» **Exercise instructions**:
Copy task for the material below: print the line with "The Magnificent Microfiber" and every line after it to the end, exactly as written, without the pictures.

» **Input data**:
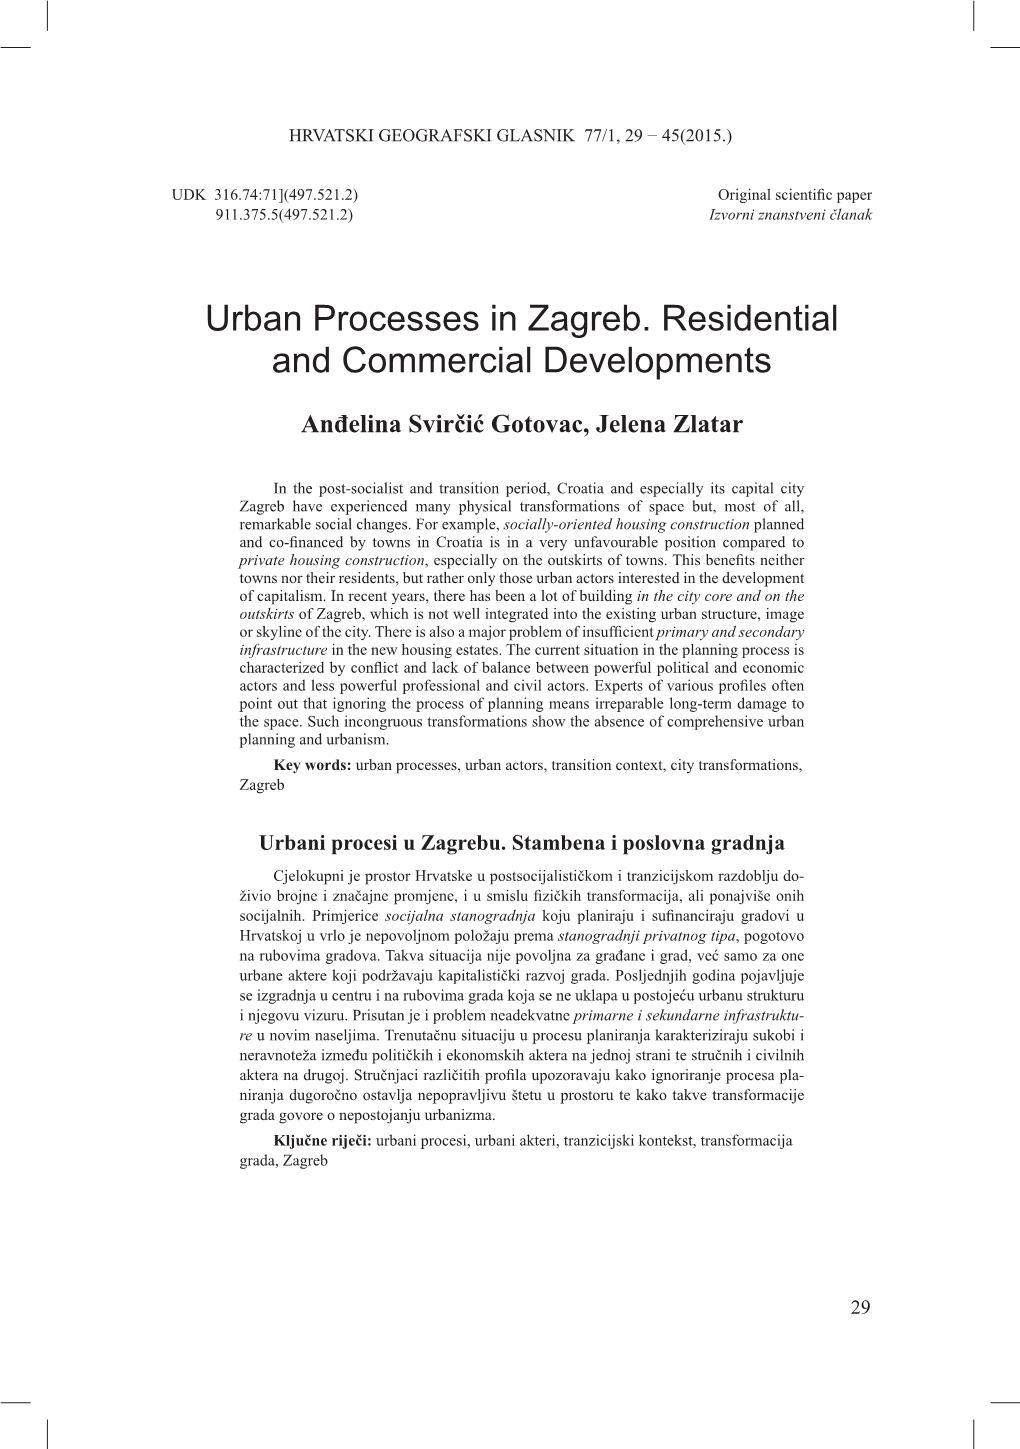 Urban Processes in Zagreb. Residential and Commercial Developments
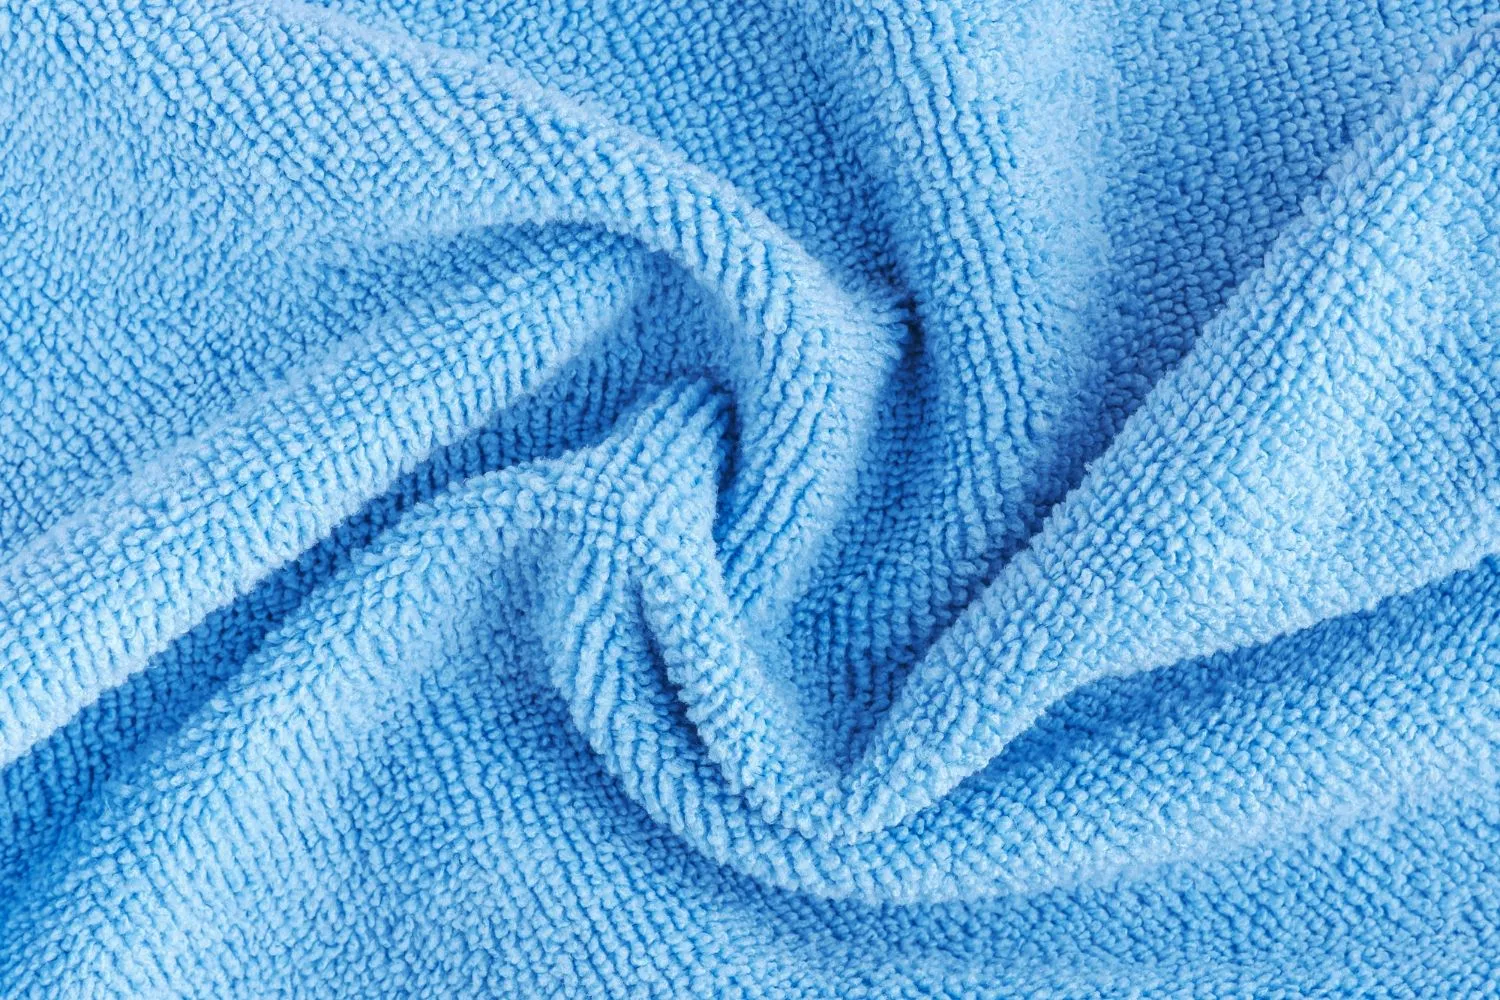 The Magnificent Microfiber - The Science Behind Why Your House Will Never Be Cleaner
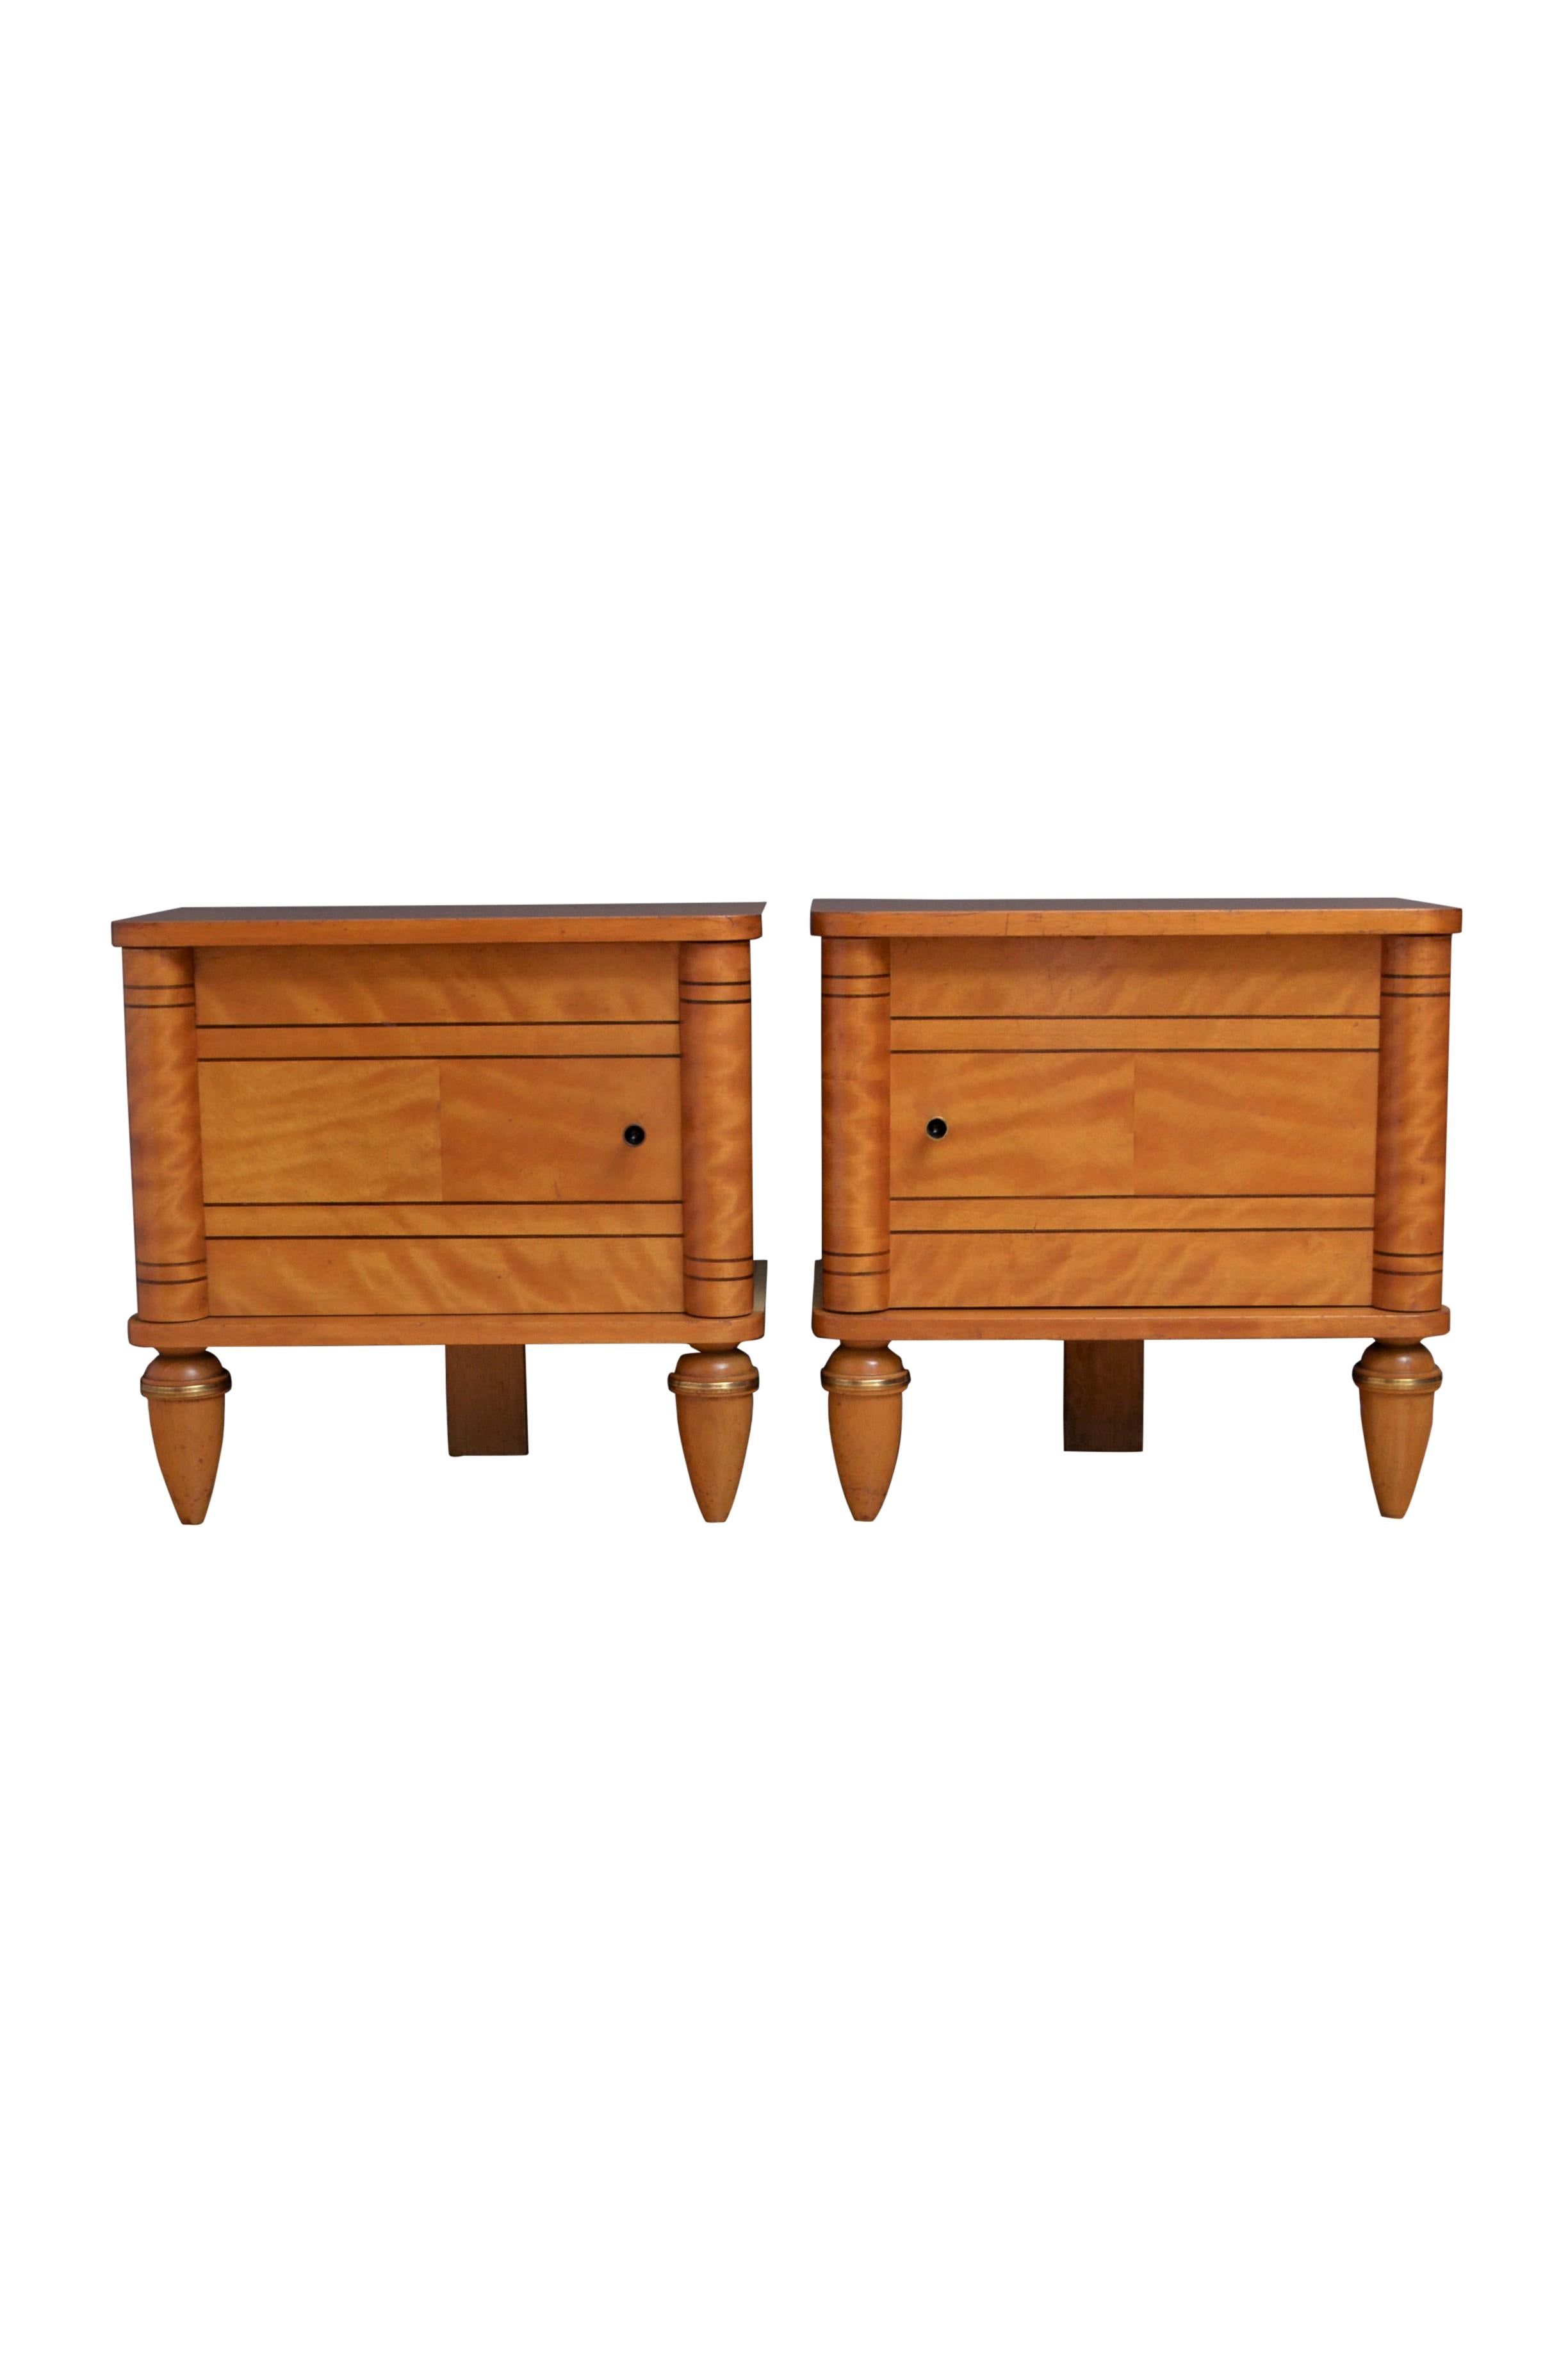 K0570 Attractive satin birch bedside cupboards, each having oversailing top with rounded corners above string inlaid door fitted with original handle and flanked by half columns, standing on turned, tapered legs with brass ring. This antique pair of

» **Solution**:
 The Magnificent Microfiber - The Science Behind Why Your House Will Never Be Cleaner
 K0570 Attractive satin birch bedside cupboards, each having oversailing top with rounded corners above string inlaid door fitted with original handle and flanked by half columns, standing on turned, tapered legs with brass ring. This antique pair of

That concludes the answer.